Singles from Delicacies
- "Aspic/Nerve Salad" Released: 23 April 2010; "Casu Marzu/1000 Year Egg" Released: 6 September 2010;

= Delicacies (album) =

Delicacies is a compilation album by British electronic band Simian Mobile Disco. It was released on the iTunes Store on 23 November 2010, and released in physical form on 29 November 2010. It is a collection of tracks inspired and named for various unusual foods the band have sampled while touring the world, hence the name.

==History==
During the introduction of their Essential Mix made for Radio 1, broadcast on 9 January 2010, they gave hints on what would be a "techno-based album" expected for later in 2010. Since then, the duo also established a quarterly residency to JDH and Dave P’s Fixed nights, in New York City.

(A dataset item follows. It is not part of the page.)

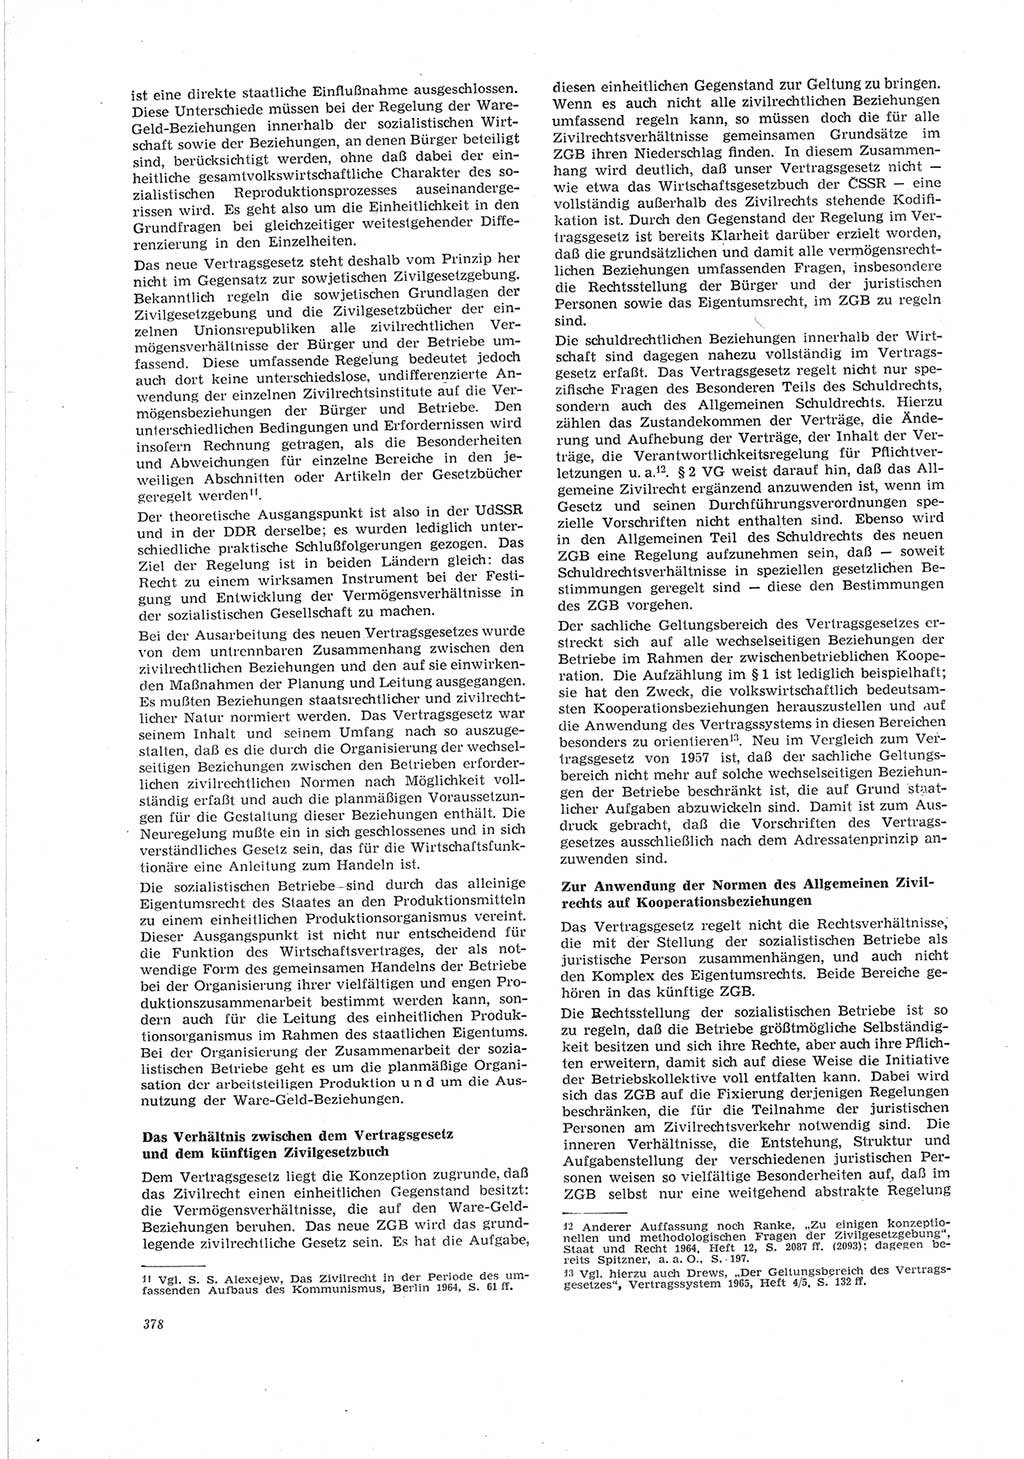 Neue Justiz (NJ), Zeitschrift für Recht und Rechtswissenschaft [Deutsche Demokratische Republik (DDR)], 19. Jahrgang 1965, Seite 378 (NJ DDR 1965, S. 378)

In March 2010 the duo announced their new club night project Delicatessen, curated by the duo and accompanied by what they said to be "a brand new imprint" entitled Delicacies. The aim of the label was to release tracks digitally and on vinyl that are longer and more techno based, Simian Mobile Disco announced that every track would “take the name of an exotic, and often bizarre, delicacy from around the world.” The first single on Delicacies was released in late April, titled "Aspic" with the B-side "Nerve Salad". This was followed in September 2010 by "Casu Marzu/Thousand Year Egg", which was sold digitally through the band’s Facebook page.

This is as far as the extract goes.